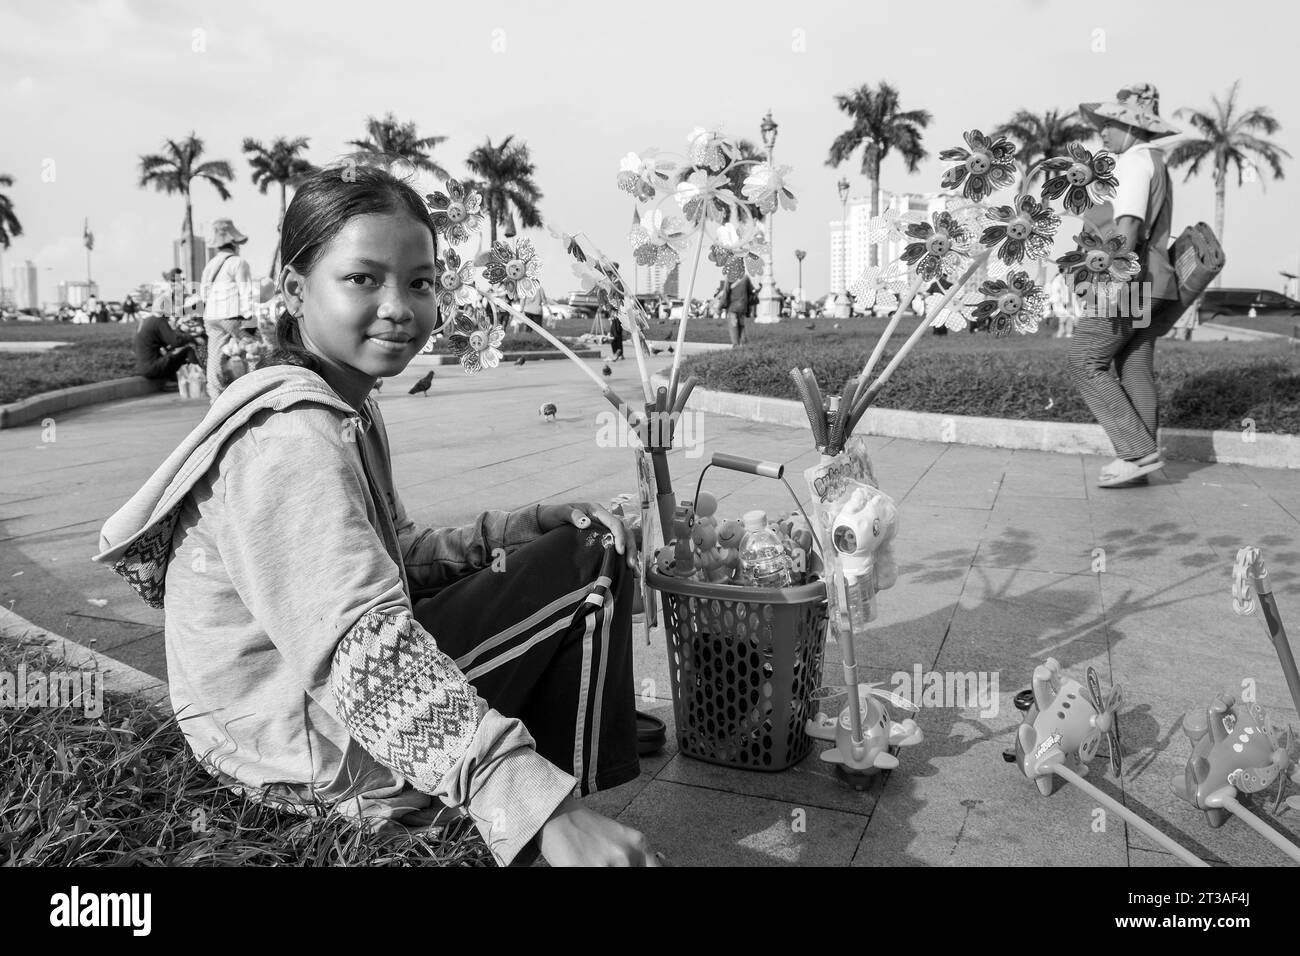 Cambodge, Phnom Penh, jeune colporteur Banque D'Images
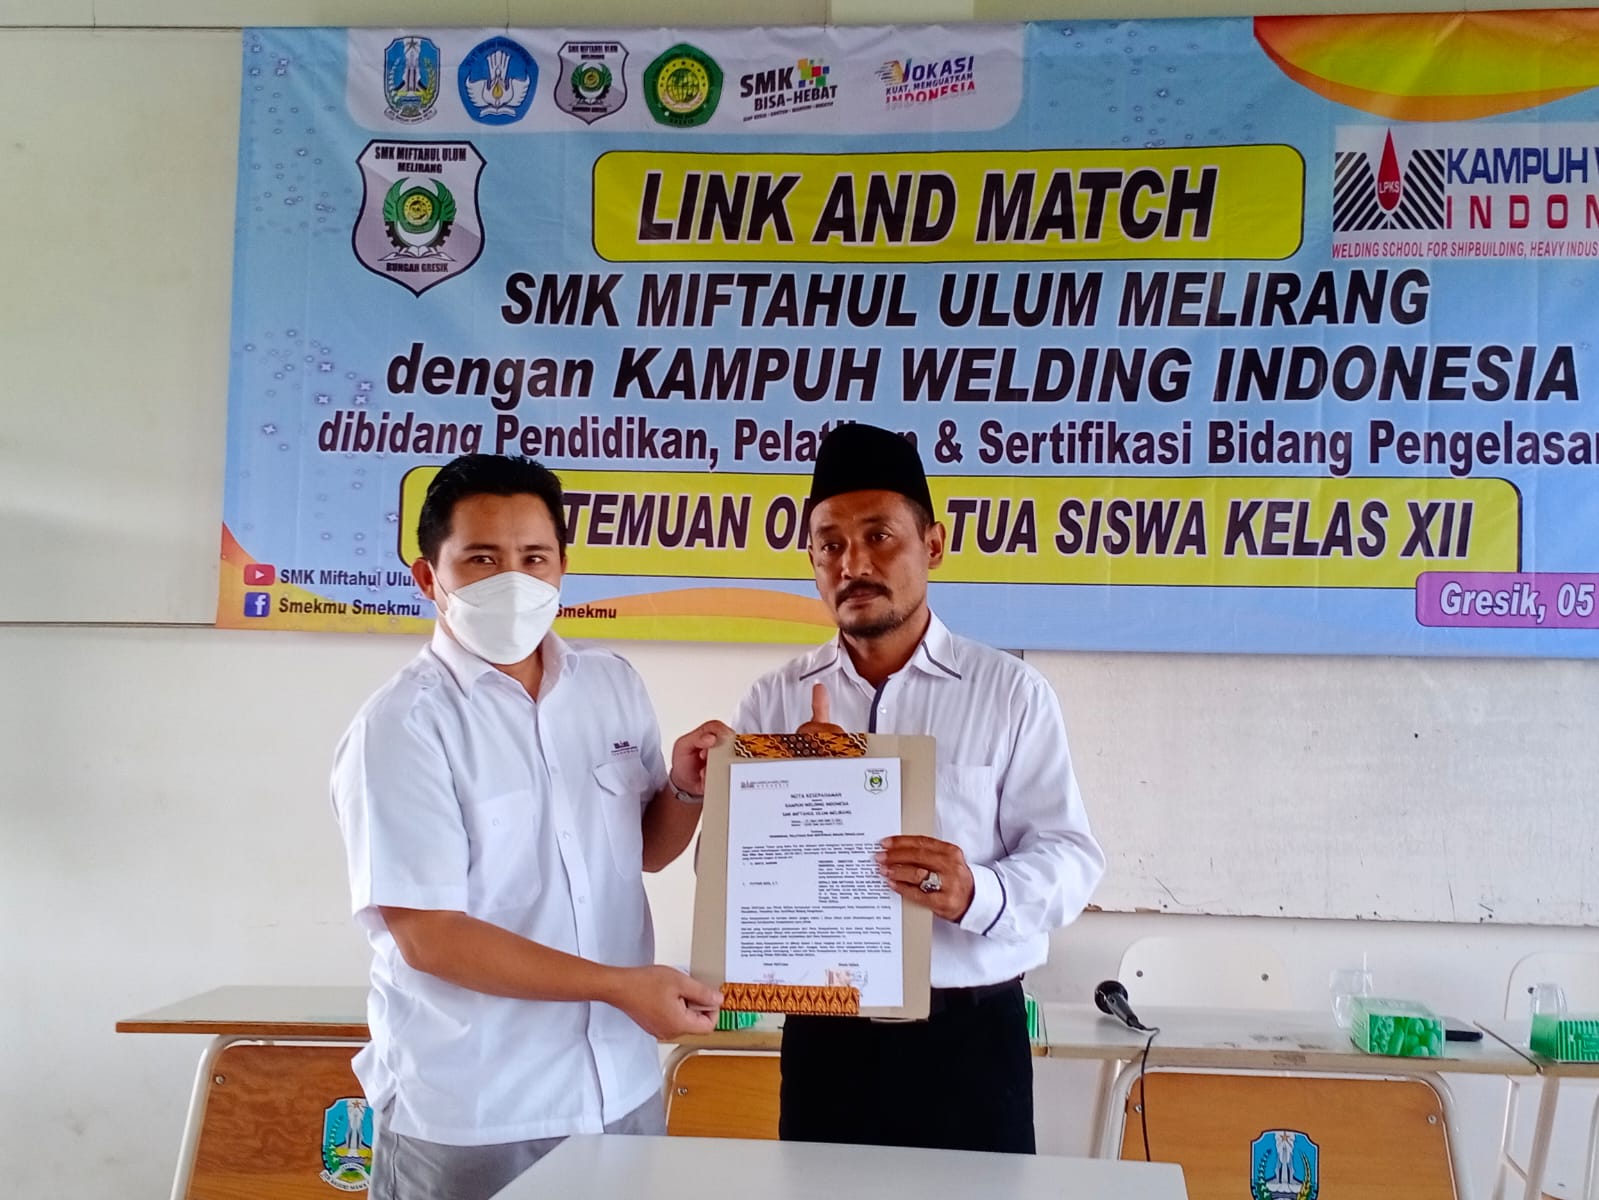 Gandeng Kampuh Welding Indonesia, Smekmu Gresik Cetak Lulusan Bersertifikat Welder
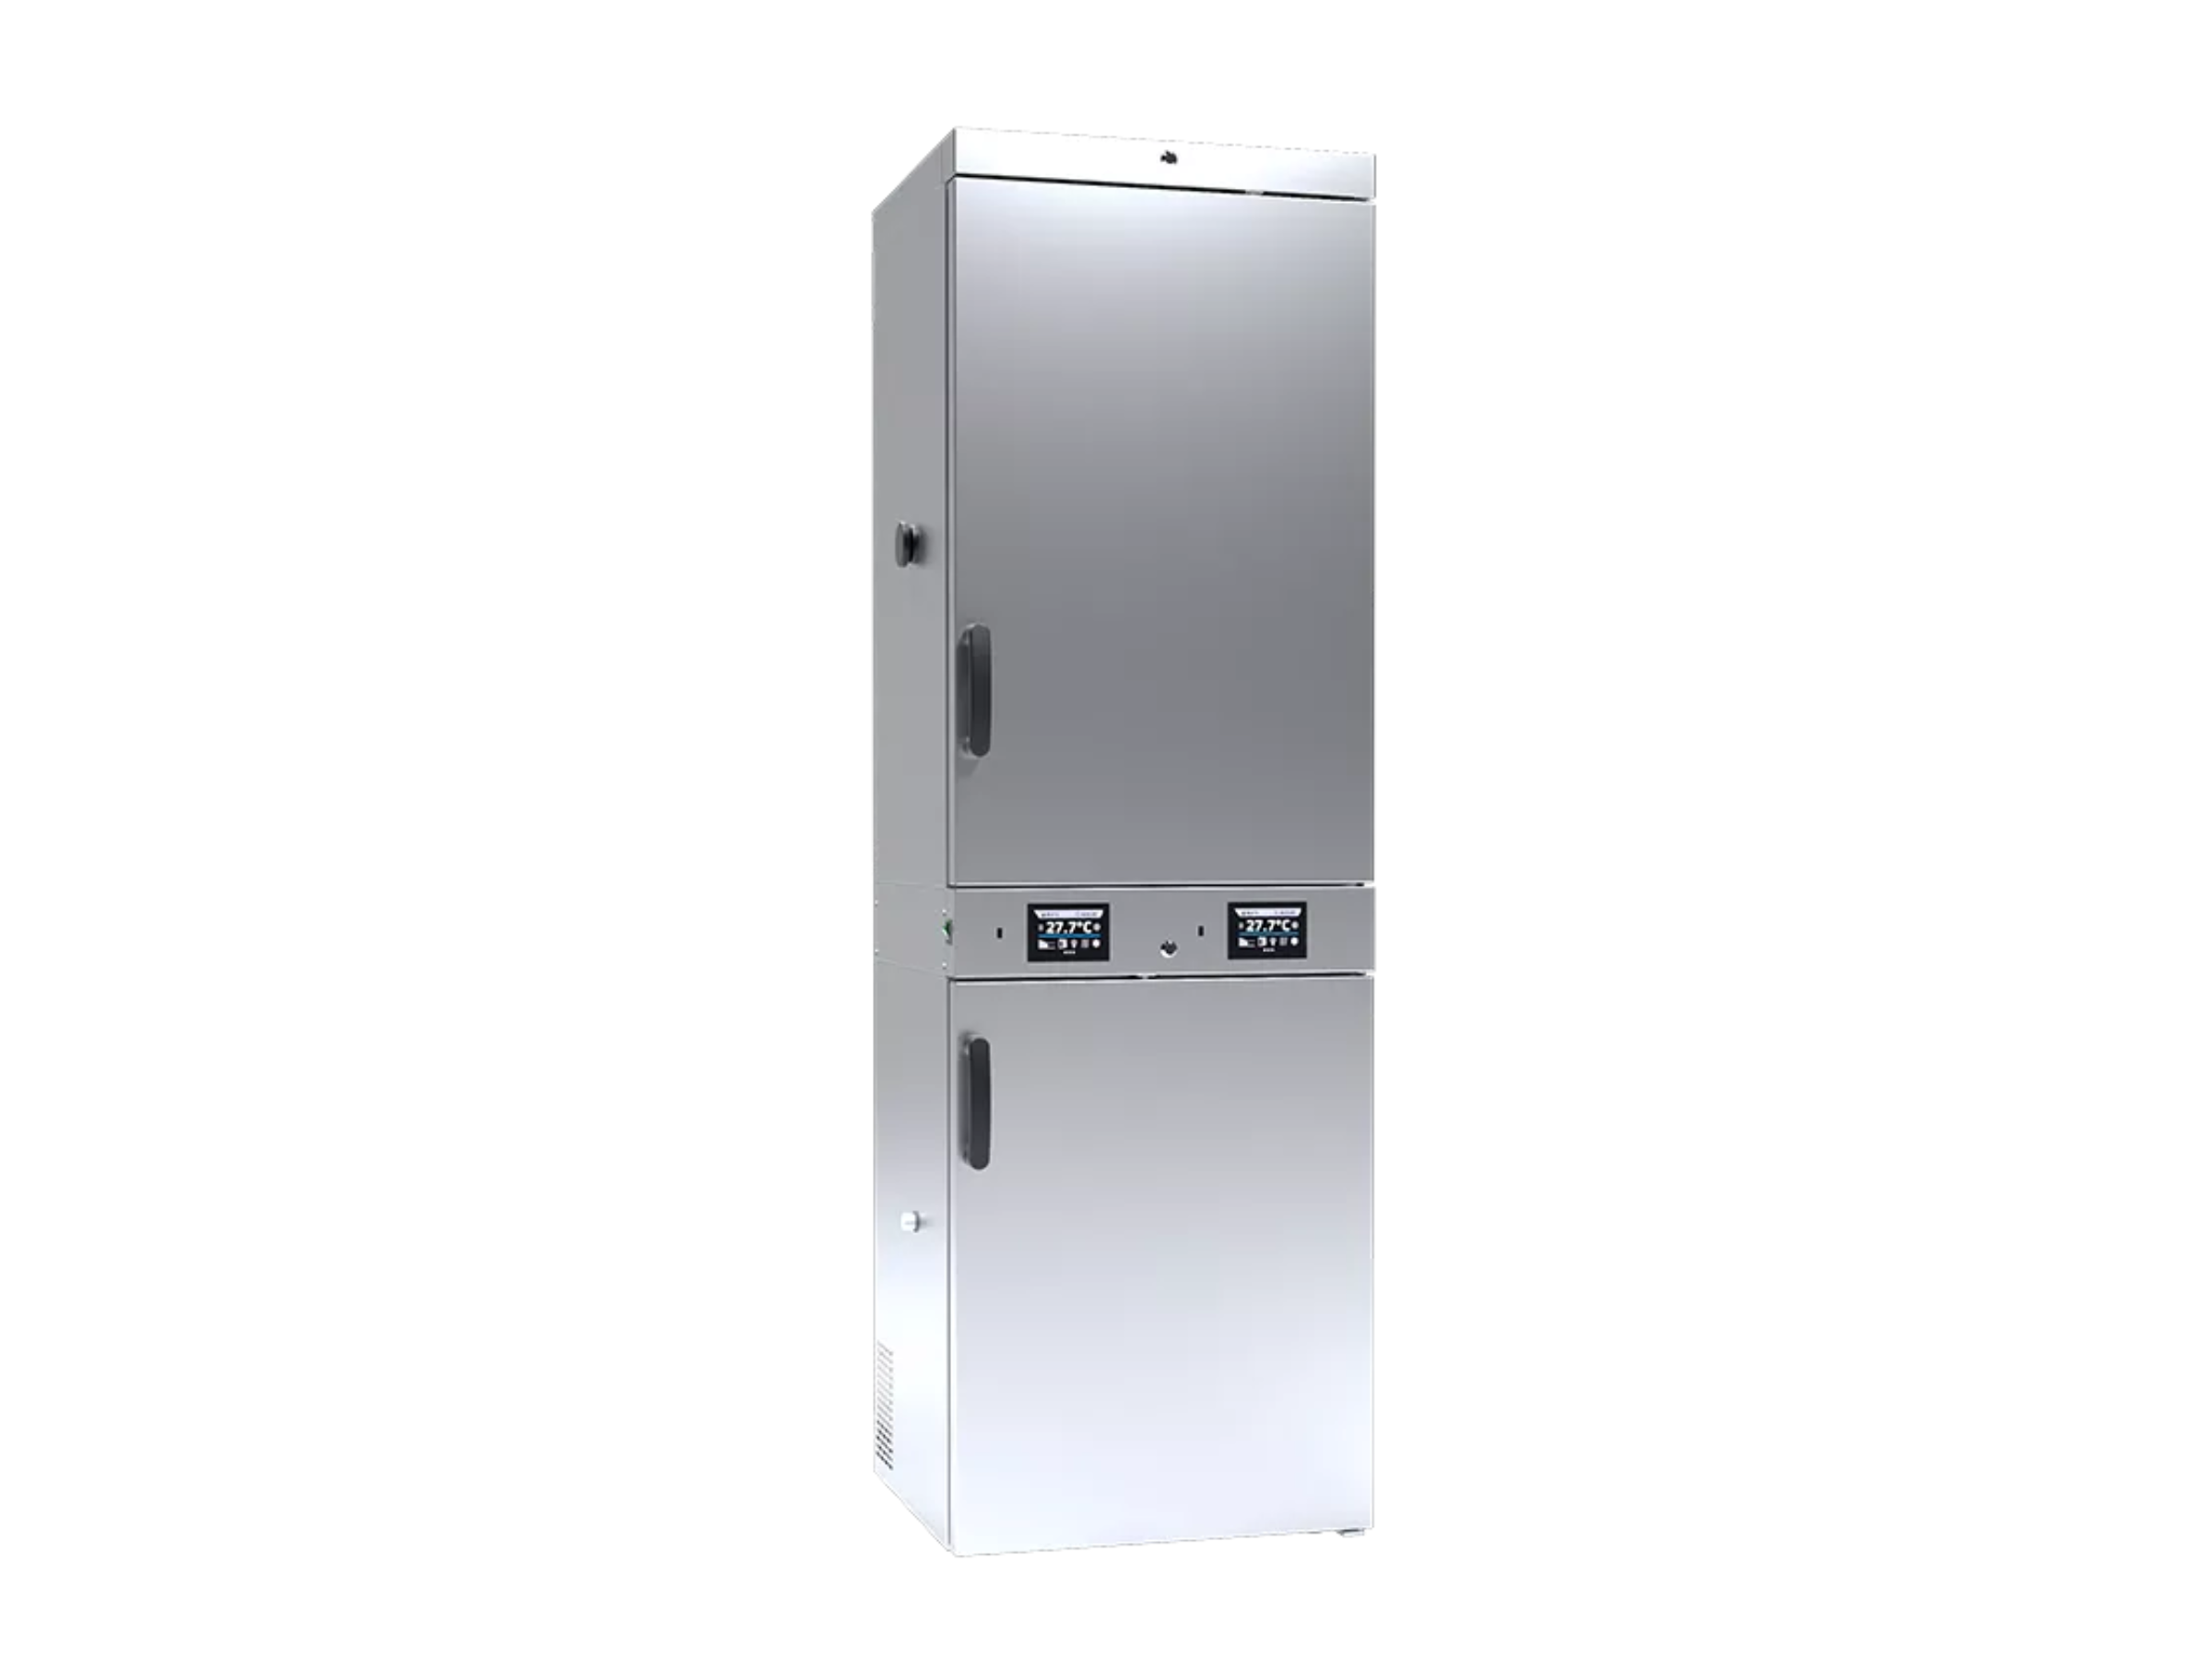 Pol-Eko CHL3/ZLN85 Refrigerator with Freezer

**Your instructions:**
Word for word, restate all of the material above except its pictures.

**Answer to the exercise:**
 Cambodge, Phnom Penh, jeune colporteur Banque D'Images
 Gandeng Kampuh Welding Indonesia, Smekmu Gresik Cetak Lulusan Bersertifikat Welder
 Pol-Eko CHL3/ZLN85 Refrigerator with Freezer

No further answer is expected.